Author Simon Sinek co-wrote Find Your Why with David Mead and Peter Docker: a book that lays out a step-by-step process for discovering purpose. According to Sinek, a purpose-driven organization is more successful and contributes more to the world.

Read on to learn why purpose matters in organizations and advice for leading a purposeful organization, according to Sinek.

Purpose-Driven Organizations

Sinek argues that finding your Why or purpose can help you make better choices in your work and your life that lead to greater fulfillment. That’s what he found in his own life after struggling with depression until he identified his purpose: “To inspire people to do what inspires them so that, together, we can change our world for the better.” He then began to help others find their purpose, most famously through his popular 2009 TED Talk and by working directly with individuals and organizations.

Besides coaching and giving talks, Sinek shared his ideas about the centrality of purpose through his bestselling book, Start With Why, also published in 2009. In that book, he outlined his theory that the most successful organizations are the ones that have a clear purpose and stick to it as they grow.

At the center of Sinek’s theory is a model he uses to illustrate the connection between your Why (purpose), your How (methods and practices), and your What (actions and outcomes). After several years of working directly with some organizations, Sinek realized that to achieve his purpose, he needed to broaden his impact. To provide practical help to more people, he co-wrote Find Your Why with David Mead and Peter Docker: a follow-up book that lays out a step-by-step process for discovering your purpose that individuals and organizations can follow.

Lead With Your Purpose 

Sinek says creating a purpose-driven organization means sharing the purpose when talking to customers, clients, suppliers, etc., because by keeping your purpose to yourself, you only let others (for example, customers or potential employers) see your outputs and methods without knowing what’s driving the organization. The connection they make with your organization is surface-level. According to Sinek, this doesn’t foster long-term relationships. Let’s explore why:

Leading with What, or outcomes: You introduce yourself or your organization by talking about your product or service. Some people decide to buy from you, hire you, or join you—but only for as long as you’re the cheapest or most convenient option. 

Leading with How, or methods: You introduce yourself or your organization by talking about the unique methods or practices that set you apart from the competition. Some people choose you—until your way of doing things catches on, and you become one of many similar options with the same How.
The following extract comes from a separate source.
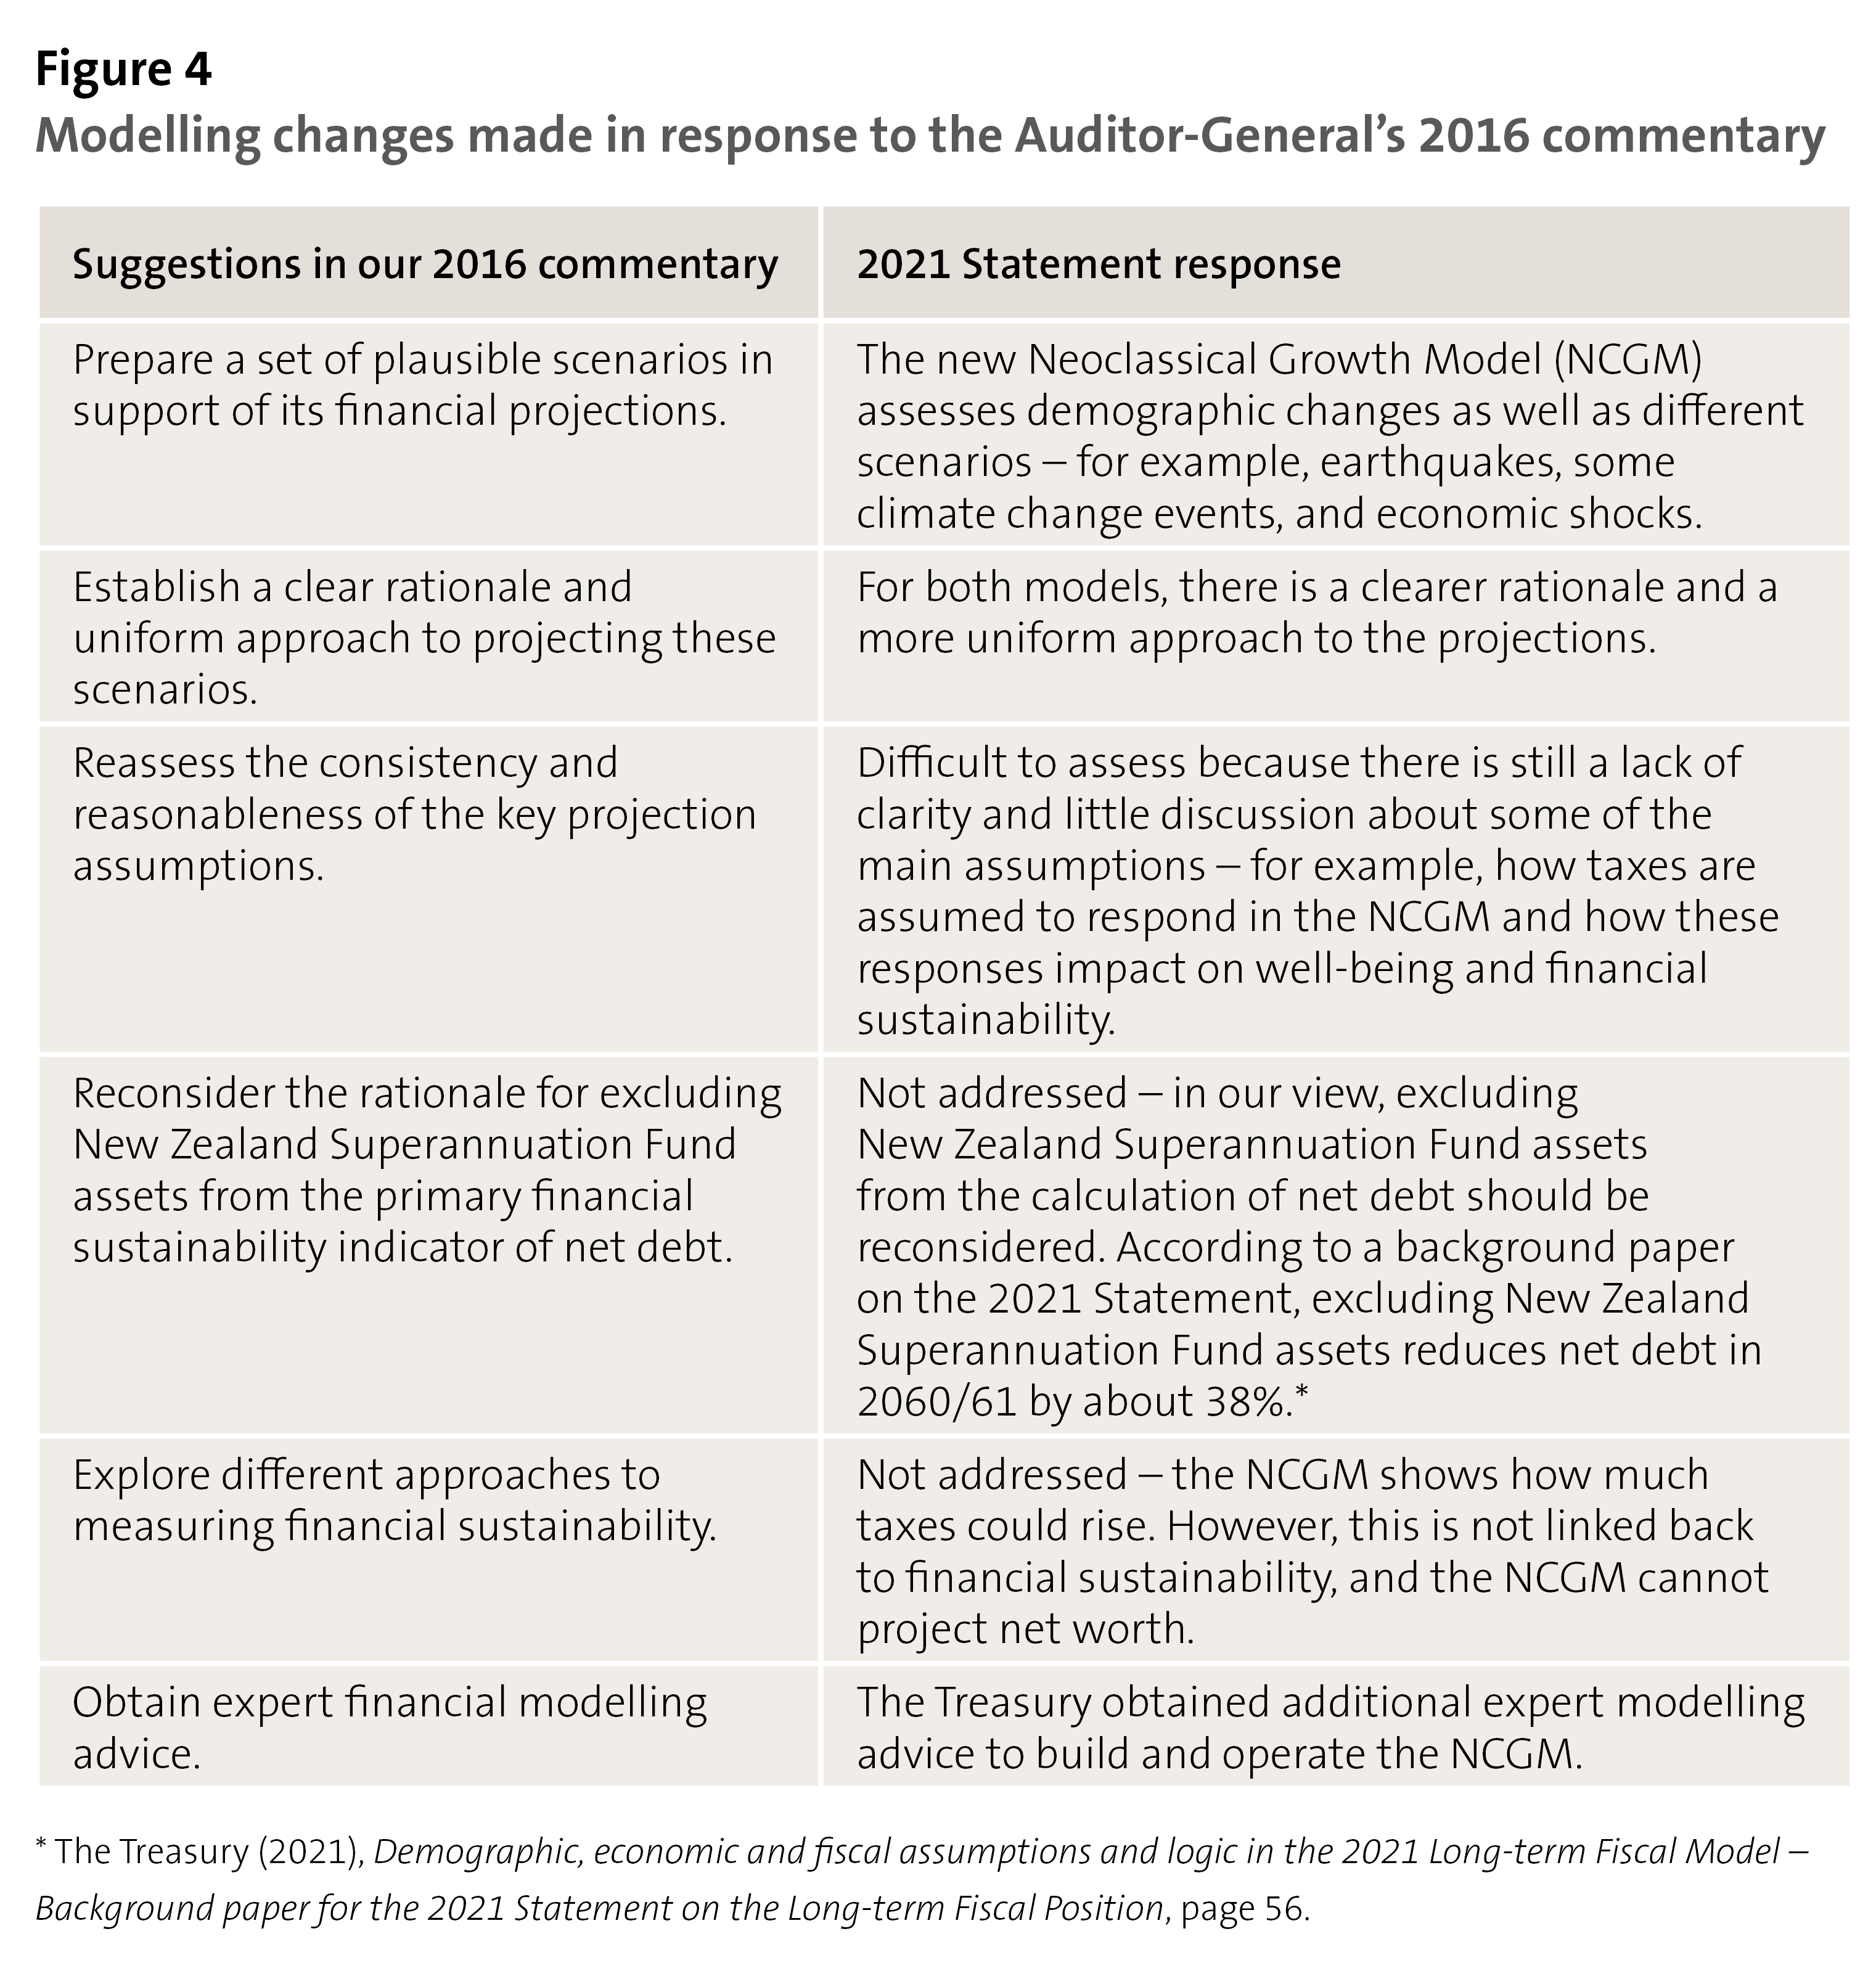 Figure 4: Modelling changes made in response to the Auditor-General’s 2016 commentary

Leading with Why, or purpose: You introduce yourself or your organization by talking about your mission, the problem you’re trying to solve, or the fundamental belief you have about the future. More people choose a purpose-driven organization because they understand that supporting you means supporting that purpose. Other competitors might offer similar outcomes or methods in the future, and maybe even at more convenient terms, but you will always have the advantage of the emotional connection you forged by involving people in your purpose.

(Shortform note: This concept of leading with your purpose is not new to sales. For example, in To Sell Is Human, Daniel Pink recommends a model based on trust and a genuine interest in serving the customer rather than wanting to take advantage of them. His two rules for service-oriented selling are to make it personal and to make it purposeful. By leading with your Why rather than What or How, you create a purpose-driven organization and focus on what makes you unique, thereby applying Pink’s rules.)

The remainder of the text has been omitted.